CD REVIEW: Midiboy - Stating the Obvious
By Ben Ohmart - 05/21/2007 - 10:34 AM EDT
This duo from Albany, Oregon has taken on the daunting task of revamping the old prodigal son story and making it relevant to today’s turned out bodies. In the words of Midiboy, ‘You know how it goes: Dude has it all, gives it up to live the fast life, gets burned, comes back.’ It’s the story of Logan who lives the life everyone wants and no one wants to pay for.
Midiboy, as you might guess from the name, is an electronic album, a debut mostly from the mind of Gregg Hart who did all of the music and the highly technical grafting together; with words from Joe Flint. Very good words. Though there are lyrics all the way thru, however, you get a feeling that this is really all instrumental somehow - Depeche Mode meets Pink Floyd with a spot of Edgar Froese rubbed into the really tough stains.
It is an ambitious journey, the first update on the story I’ve heard save for Bethel’s rock opera, Long Journey Home, but the two are utterly different. This is rock that has built itself on the edge of a synthetic world, something very sturdy sounding, yet all glitz and fabricated. Not the music, mind you, but the way the music delves into the story and reinforces the structure subconsciously. The hardness of the beat vs. the manmade sounds and heart and soul that each of us must journey thru. What we take away from it, the extent to which we are corrupted, that is up to our own personal strength.
The cd booklet is written in chapters, each song represented by a journal entry and the lyrics, except for the 3 short instrumentals, 2 of which sandwich the piece. ‘Regeneration’ is the hero returned end tune, clicking with techno rubble, stripping off the glitz and finding the true party soul within. Finding God is irrelevant. Finding the path to peace, that is the goal reached. ‘I have come to the realization that I need something more.’

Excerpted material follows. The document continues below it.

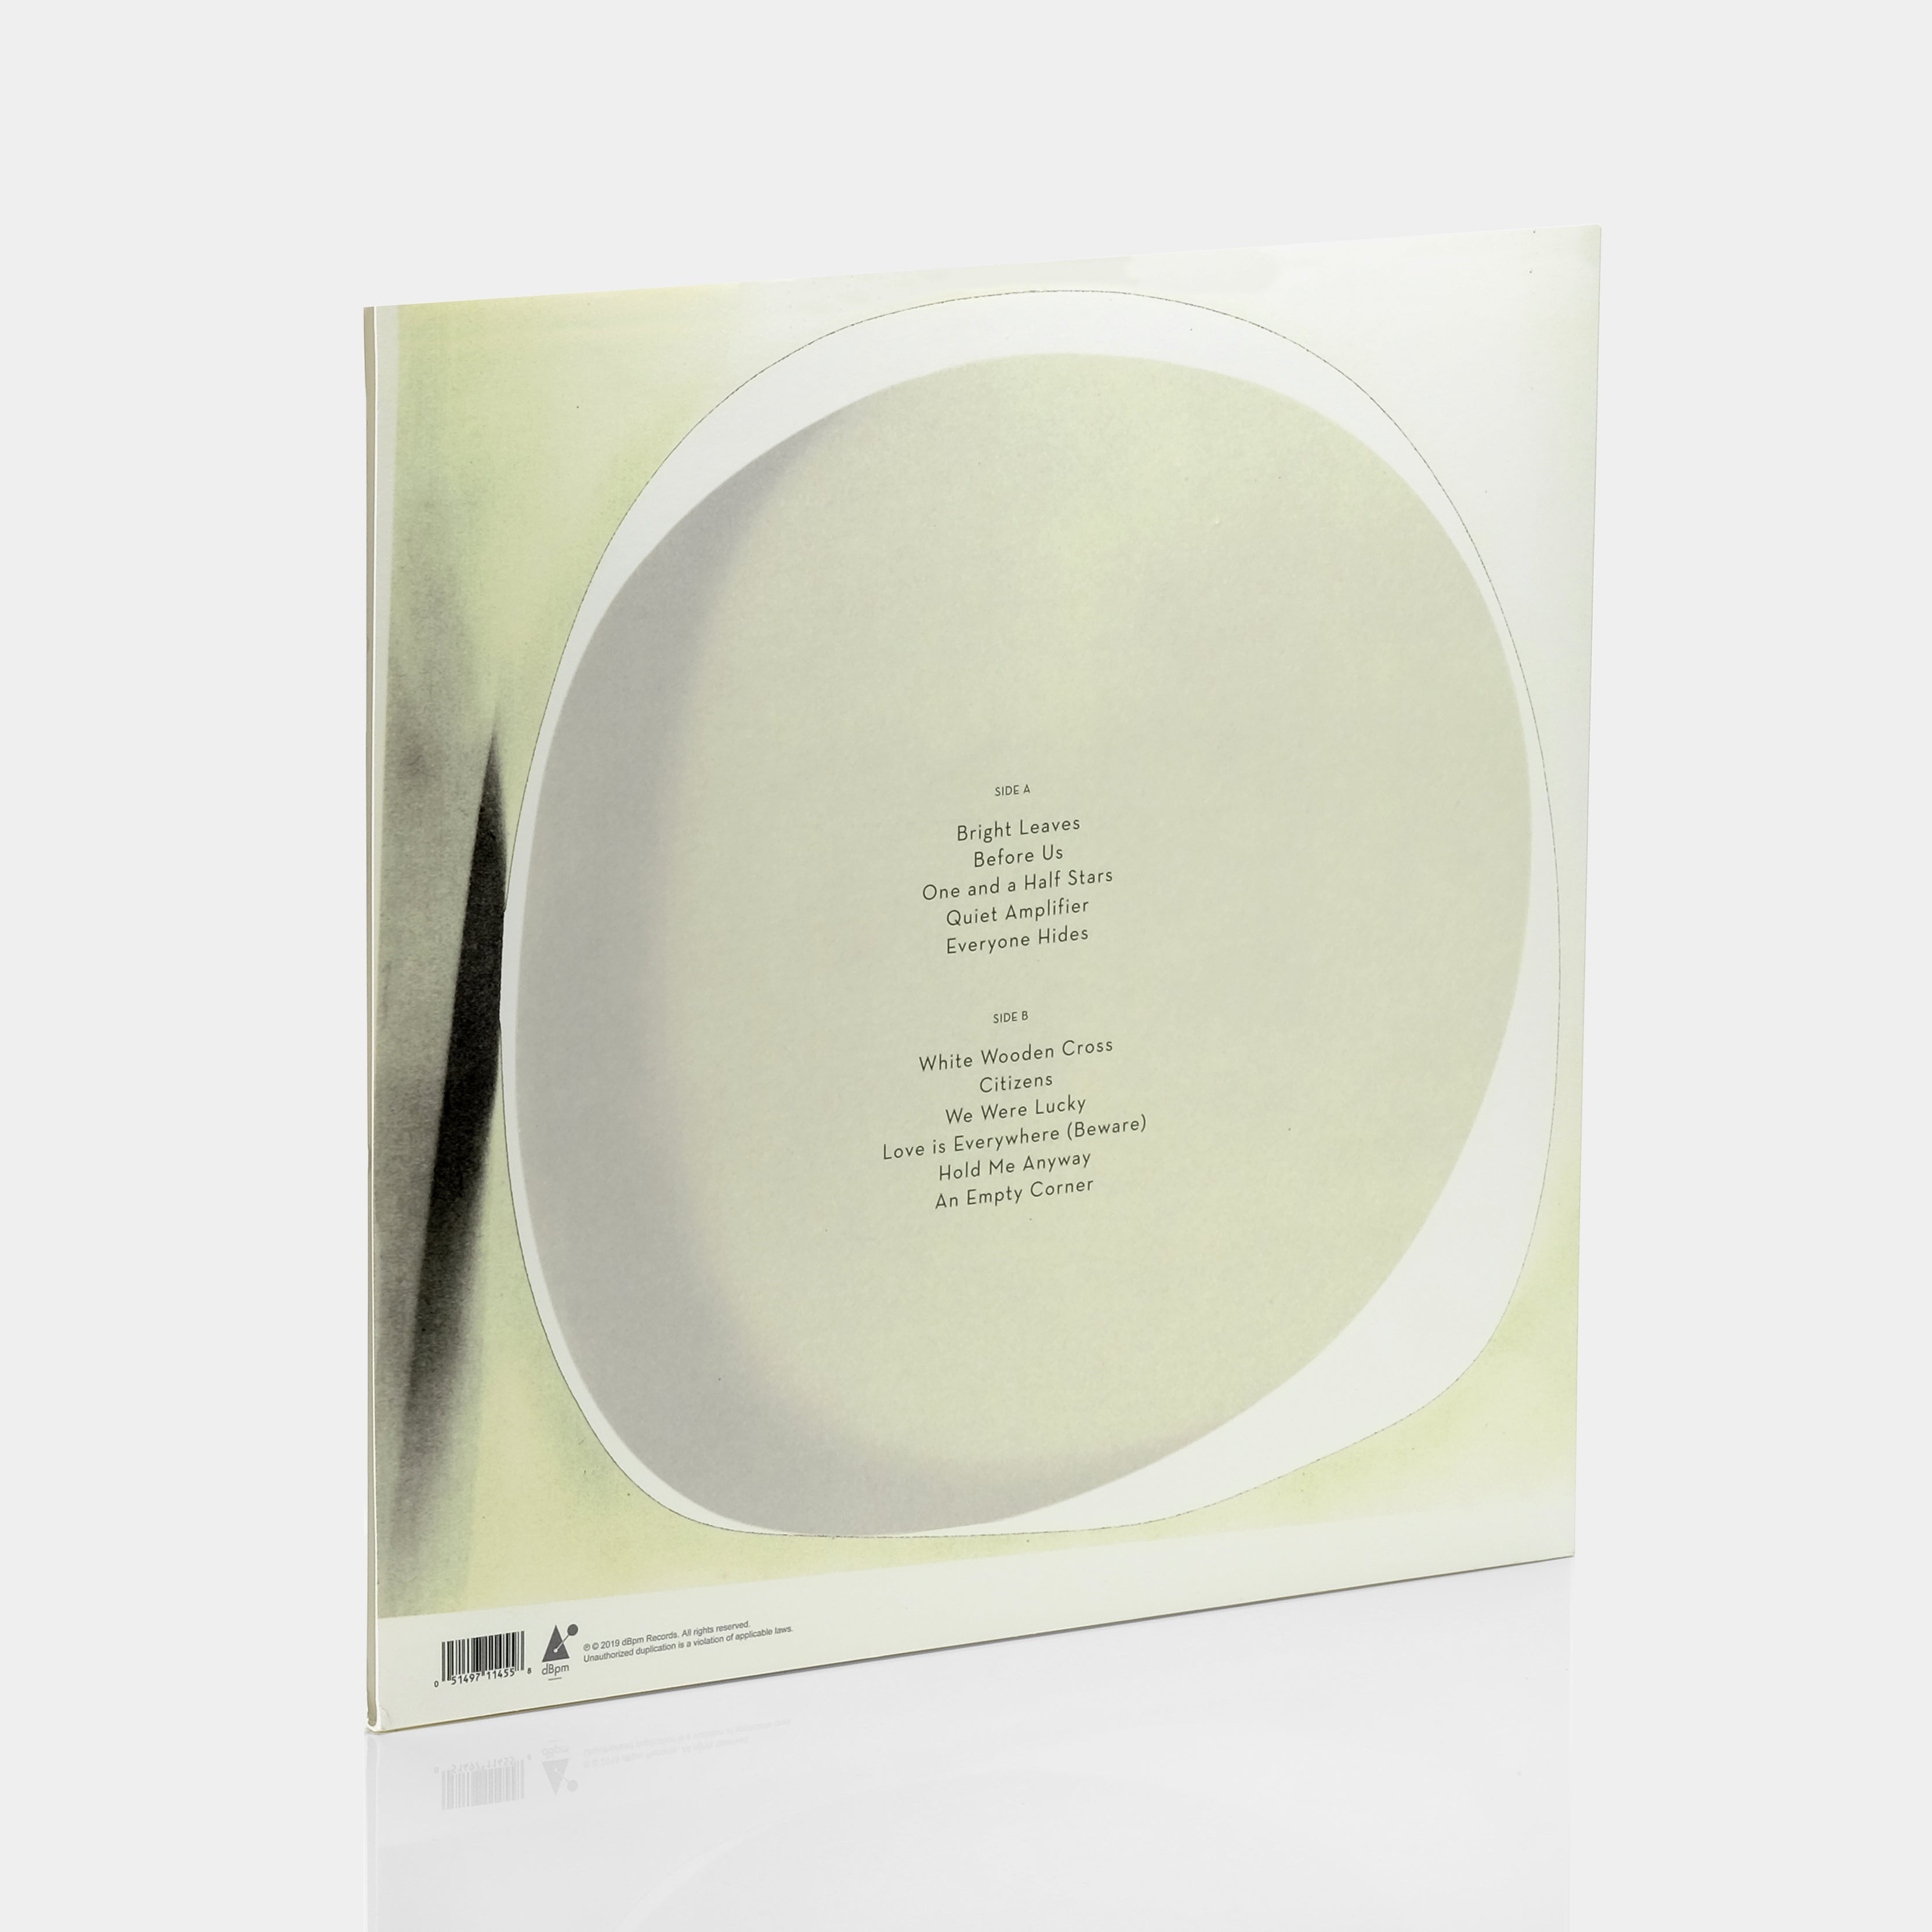 Wilco - Ode To Joy LP White Vinyl Record

For a debut work and the few amount of hands working on it, this is masterful stuff. Gregg should certainly be proud of himself for launching such a work in the fold first time out. Perhaps there are too many words for the electronica crowd, but this is a story first, a genre second. It works, both dramatically, and as a school for thought. Oh yeah, and you can dance your girl to it big time.